Unless anyone knows better. :?: :?: :?: please.


cabby


----------



## rayc (Jun 3, 2008)

cabby said:


> now I would like to know what the system is please.as I would like our next one to have it, as it is not an afterfit.
> Unless anyone knows better. :?: :?: :?: please.
> 
> cabby


It is a securomotion regulator and a burst protected hose between the bottle and the regulator - the regulator and hose having green push buttons on them. This allows the gas boiler / heater to be used en route.


----------



## UncleNorm (May 1, 2005)

Another possible answer to Daveil's question: _*hi, does this machine have en route heating *_

Our Coral has 'en-route' heating in the form of a second matrix, taking heat from the engine coolant. This matrix is under the passenger table and ideally placed to keep passengers very warm in winter.
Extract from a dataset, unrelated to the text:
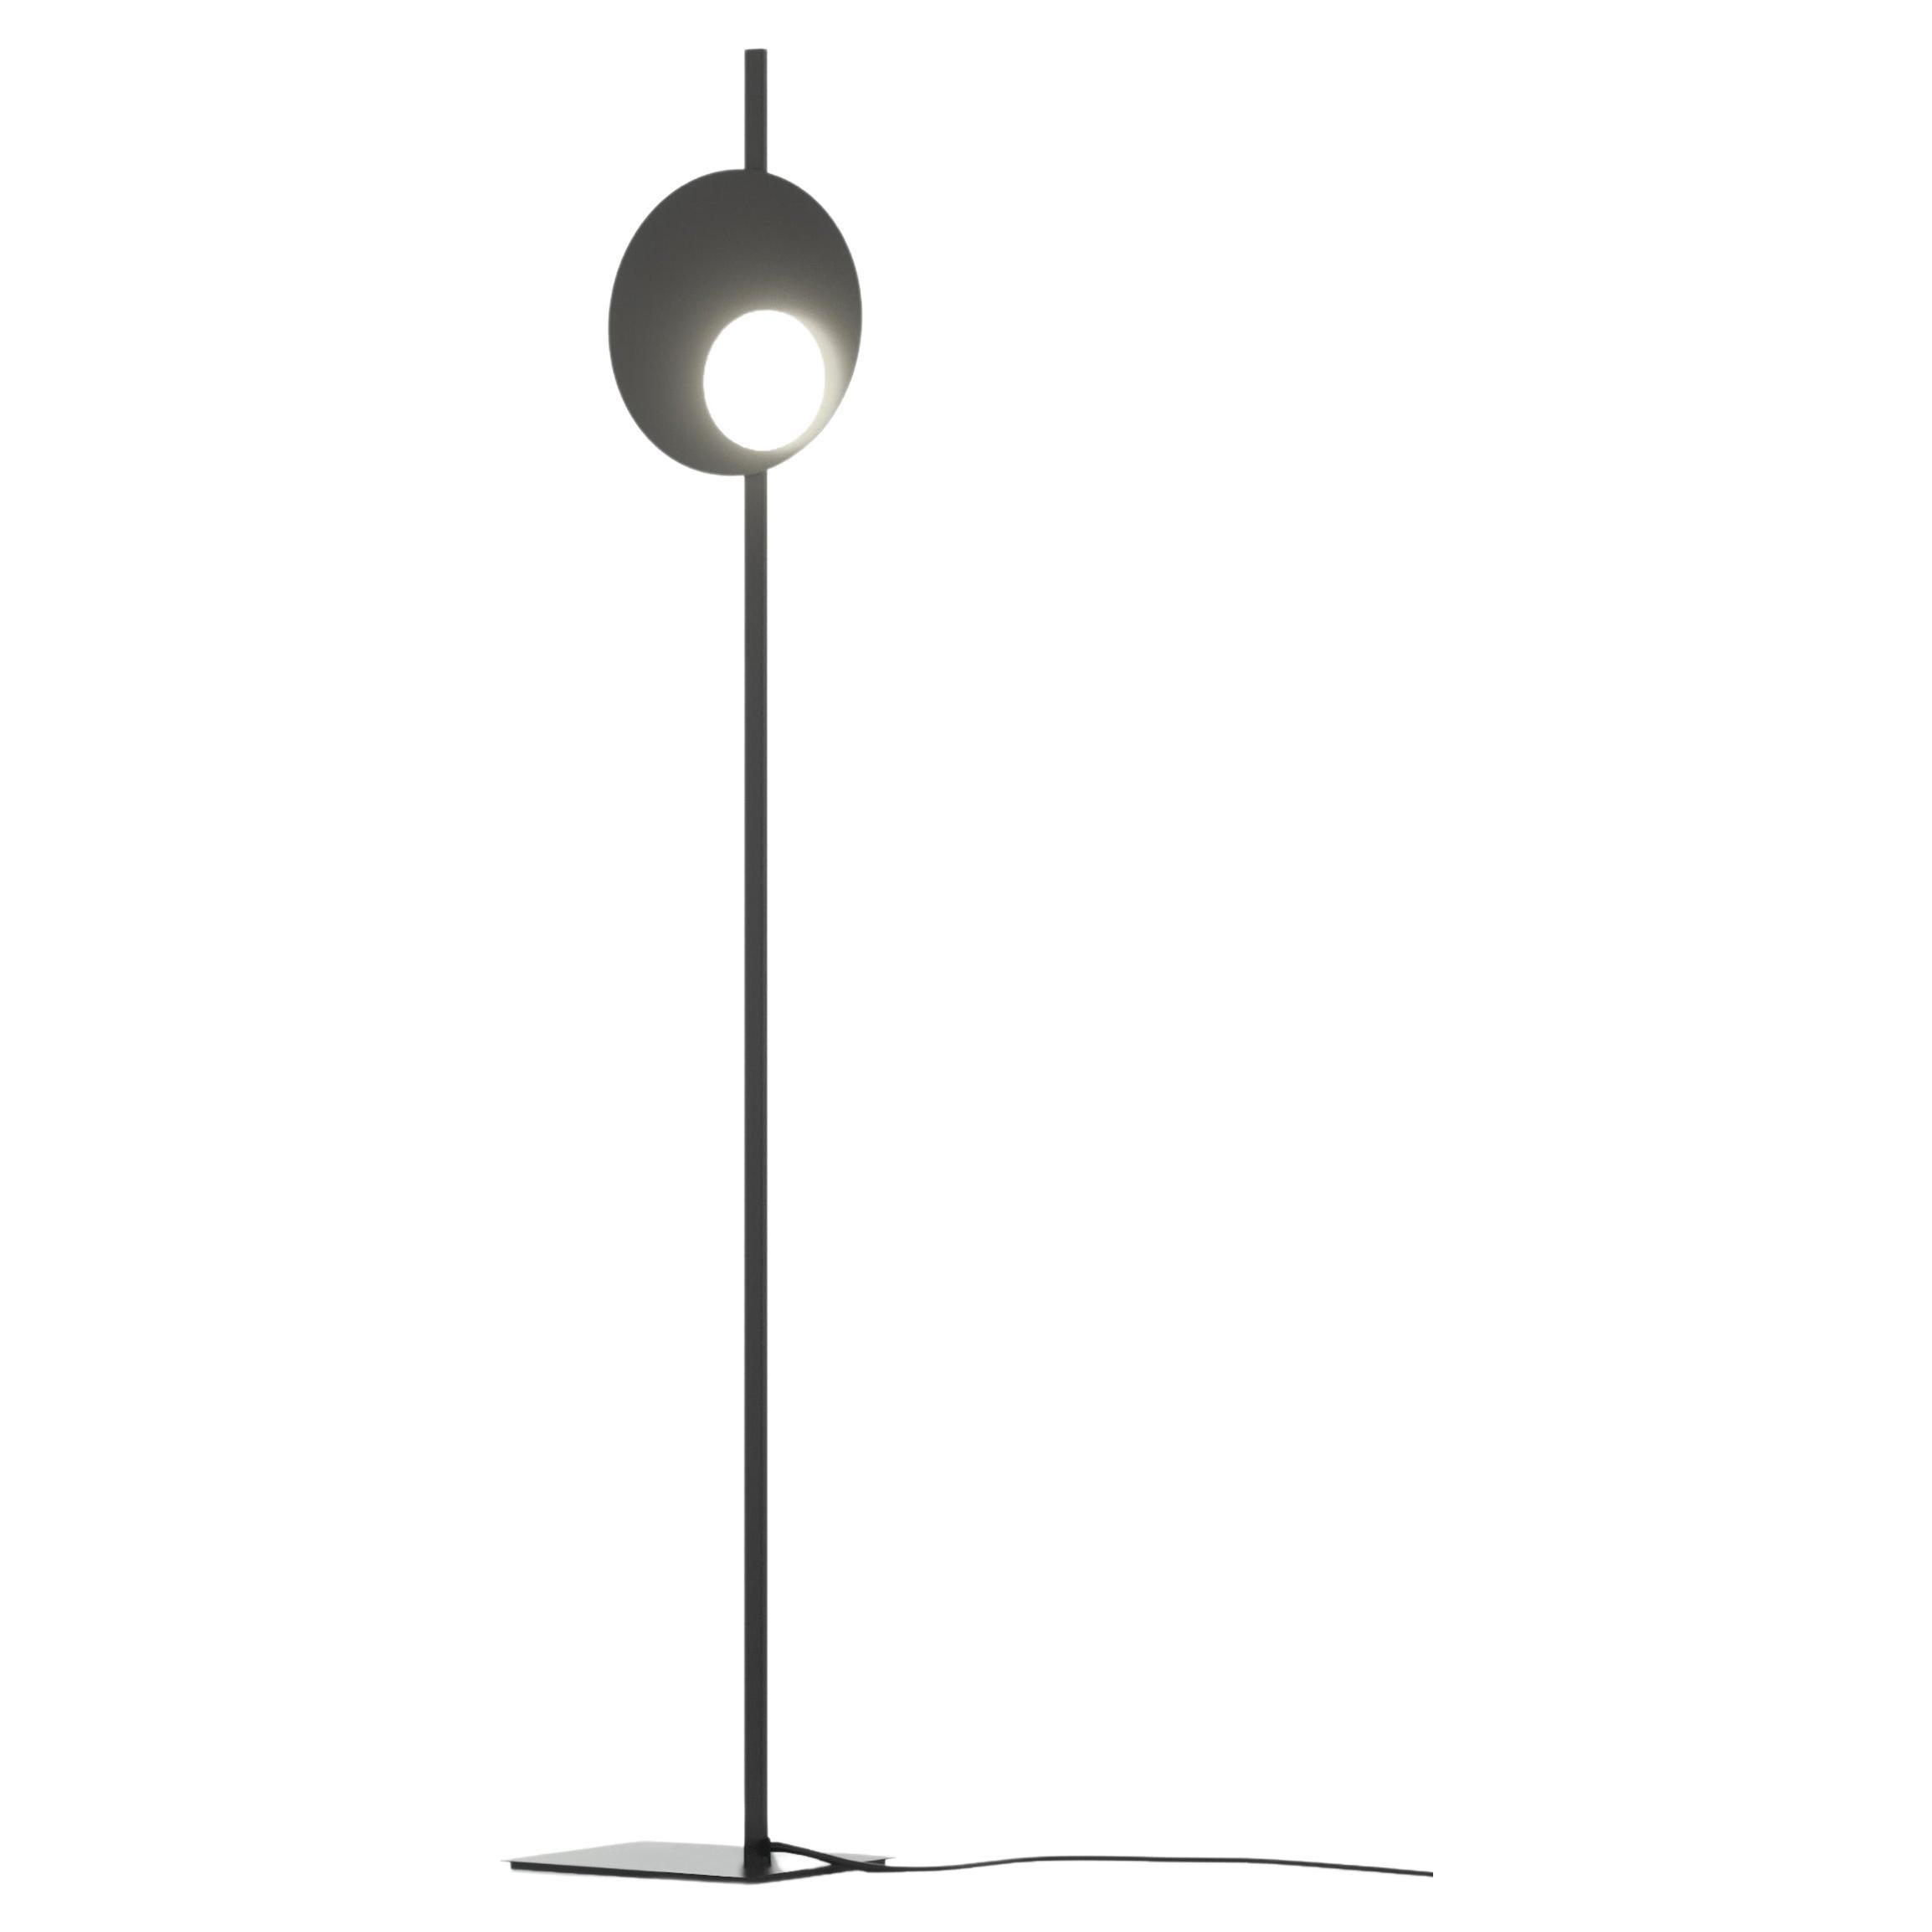 Axolight Kwic 36 Medium Floor Lamp in Intense Black by Robert Cornelisse For Sale

There have been times when we've had it turned on for just the two of us!! :roll: :wink:

I believe Chausson offer a similar solution.


----------



## satco (Jan 21, 2012)

here it is :

http://www.truma.com/uk/en/gas-supply/overview-gas-pressure-regulators-drive.php

Jan


----------



## daveil (Mar 14, 2010)

mine is what ray said 8)


----------